_What needs to be done_. Transcribe the entries below word for word, beginning at the line with "5 Steps to Optimize" and stopping after the line with "Ocean City's boardwalk"; drop all pictures.

_Records supplied_.
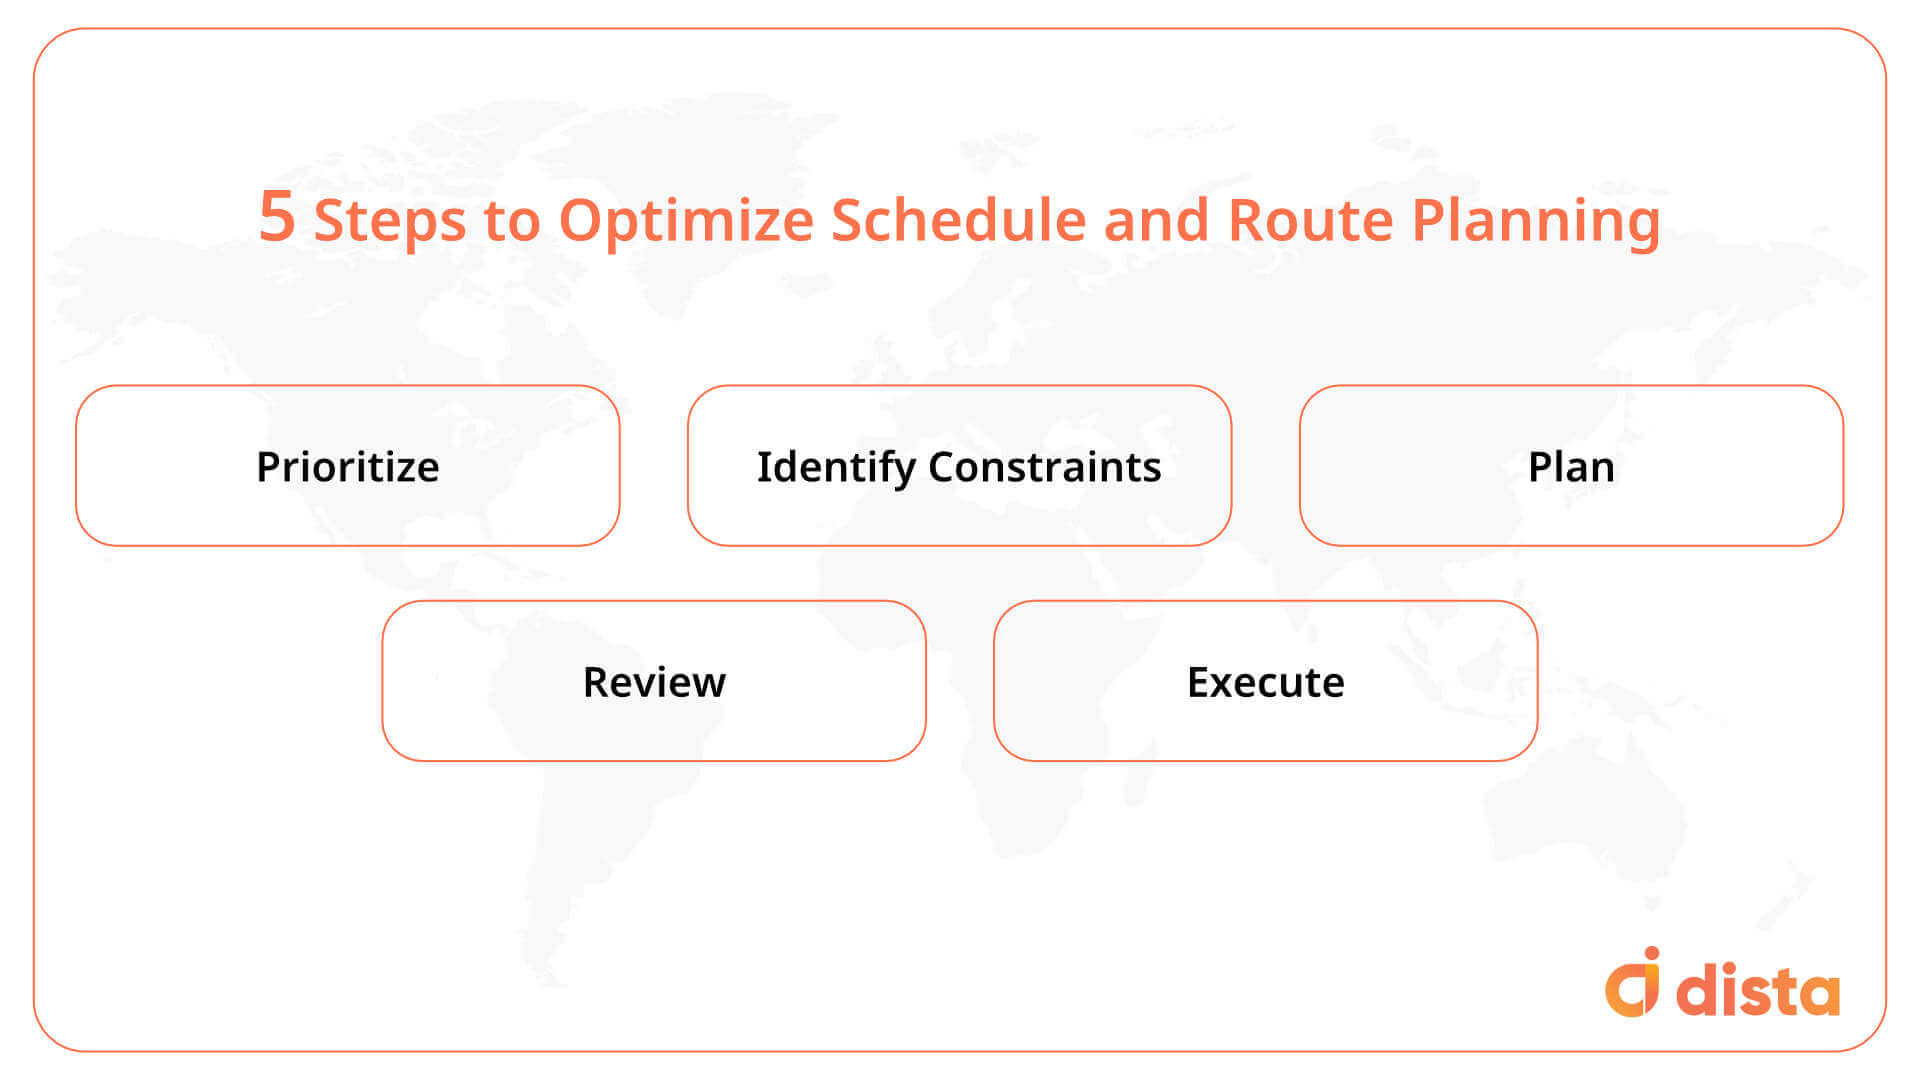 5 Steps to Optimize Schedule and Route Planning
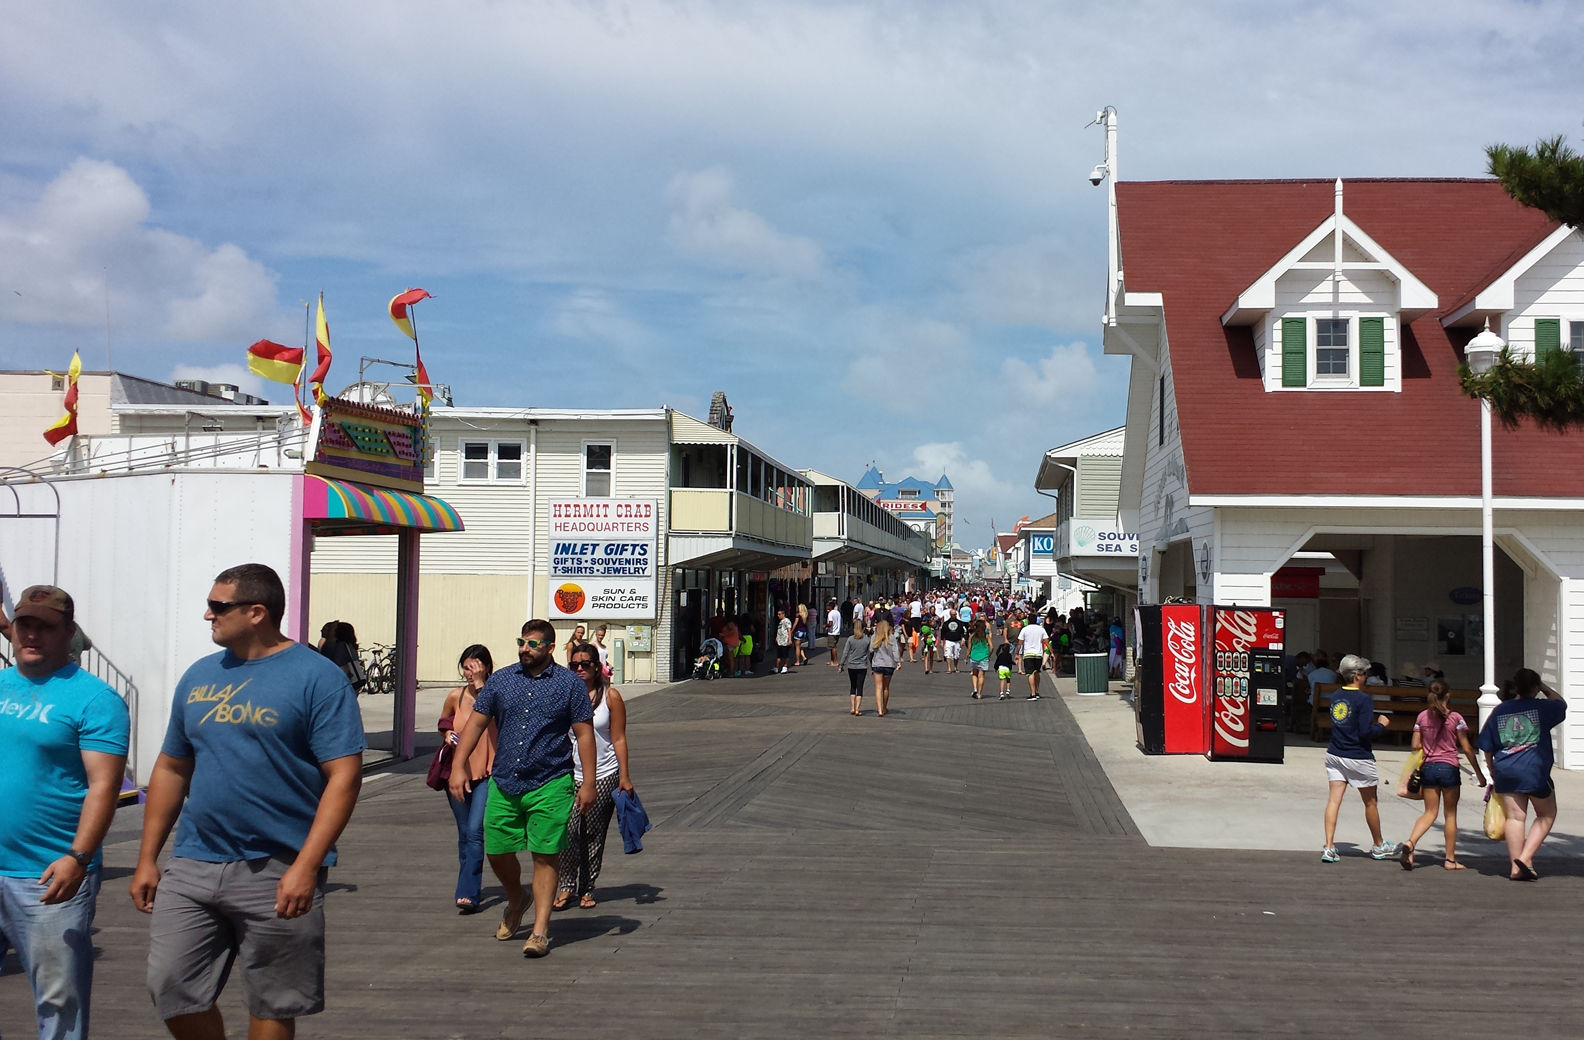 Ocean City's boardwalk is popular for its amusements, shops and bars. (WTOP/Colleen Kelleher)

--

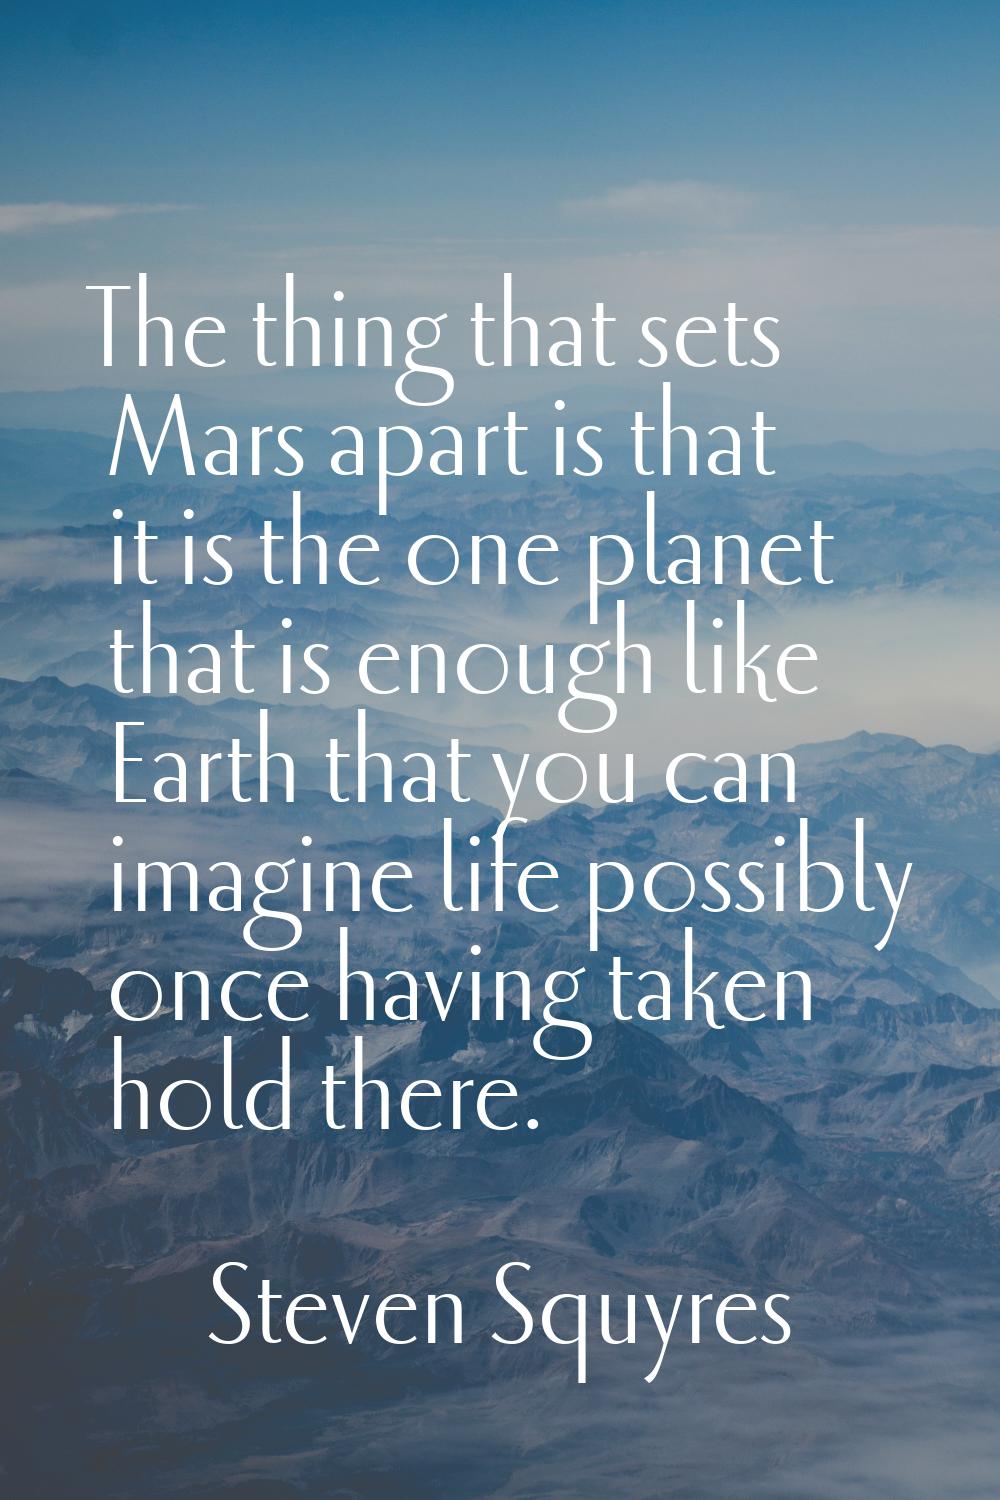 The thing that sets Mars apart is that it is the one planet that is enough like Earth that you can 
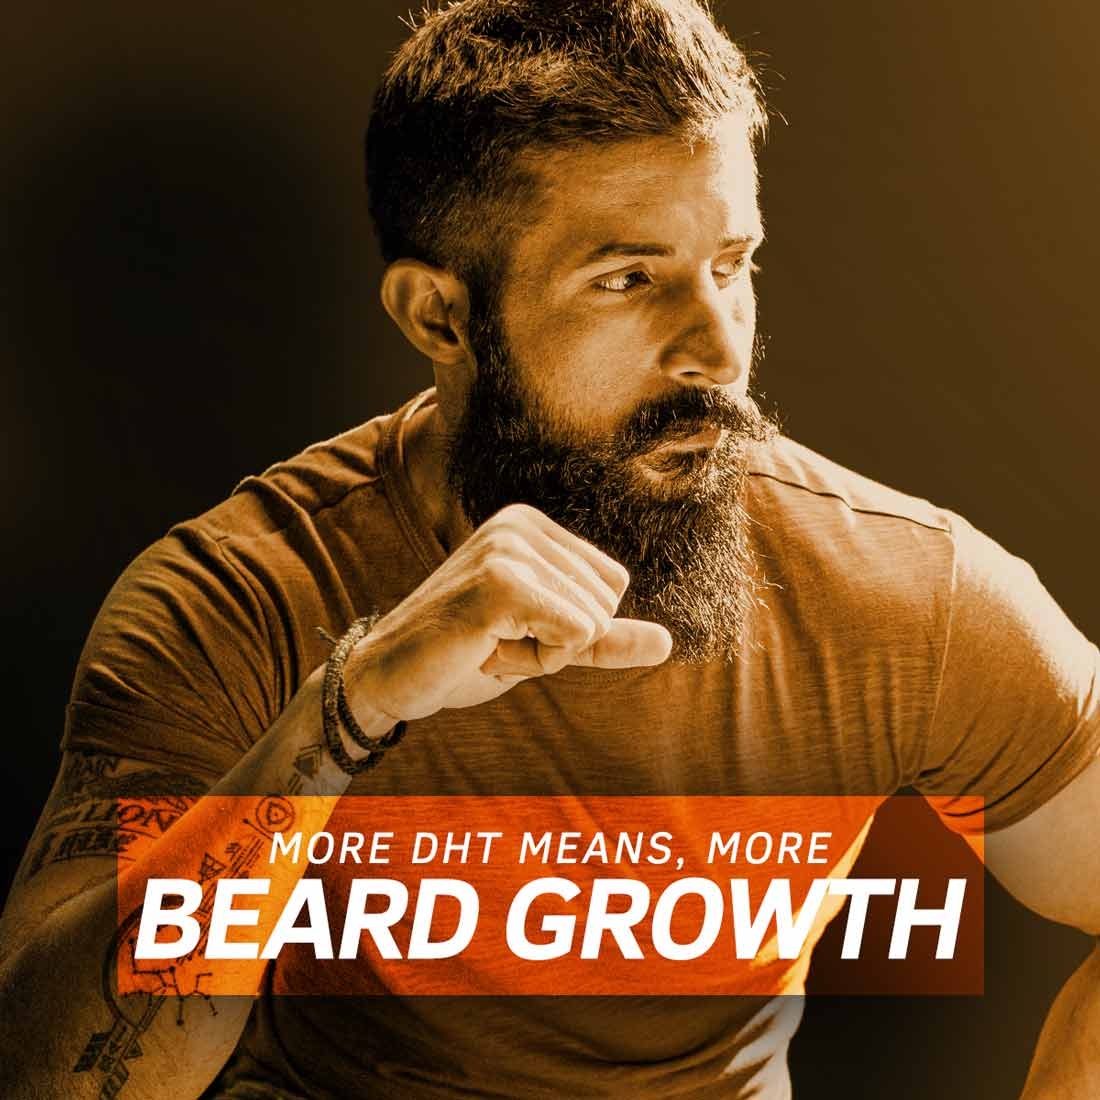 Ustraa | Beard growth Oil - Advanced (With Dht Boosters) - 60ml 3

---

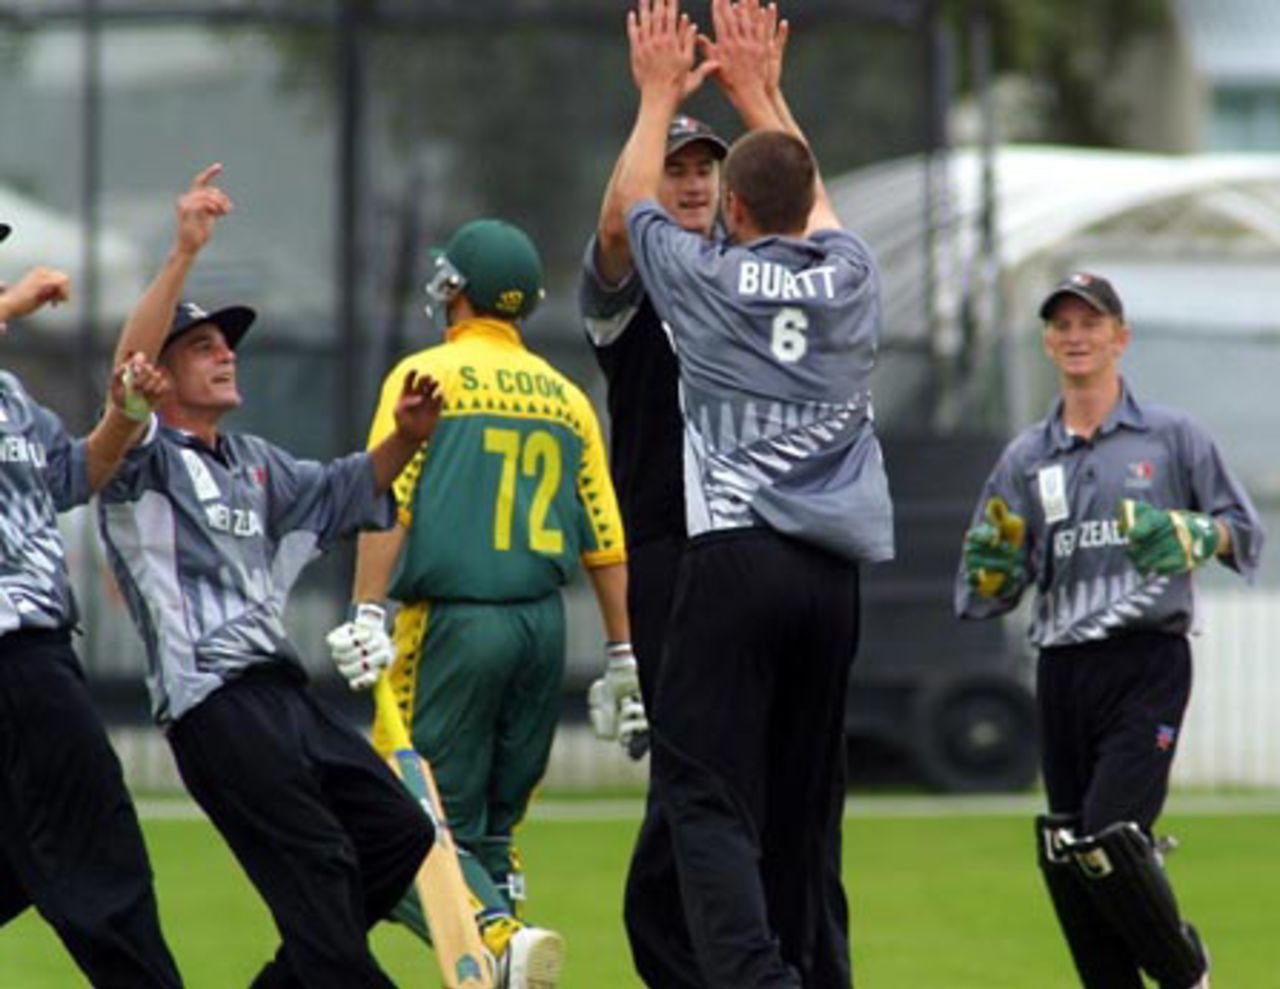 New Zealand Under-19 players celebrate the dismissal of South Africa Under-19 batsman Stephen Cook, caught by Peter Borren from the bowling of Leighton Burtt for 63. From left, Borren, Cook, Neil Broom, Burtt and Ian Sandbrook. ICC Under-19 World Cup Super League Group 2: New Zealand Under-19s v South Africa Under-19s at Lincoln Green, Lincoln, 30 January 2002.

_Expected answer_.
 5 Steps to Optimize Schedule and Route Planning
 Ocean City's boardwalk is popular for its amusements, shops and bars. (WTOP/Colleen Kelleher)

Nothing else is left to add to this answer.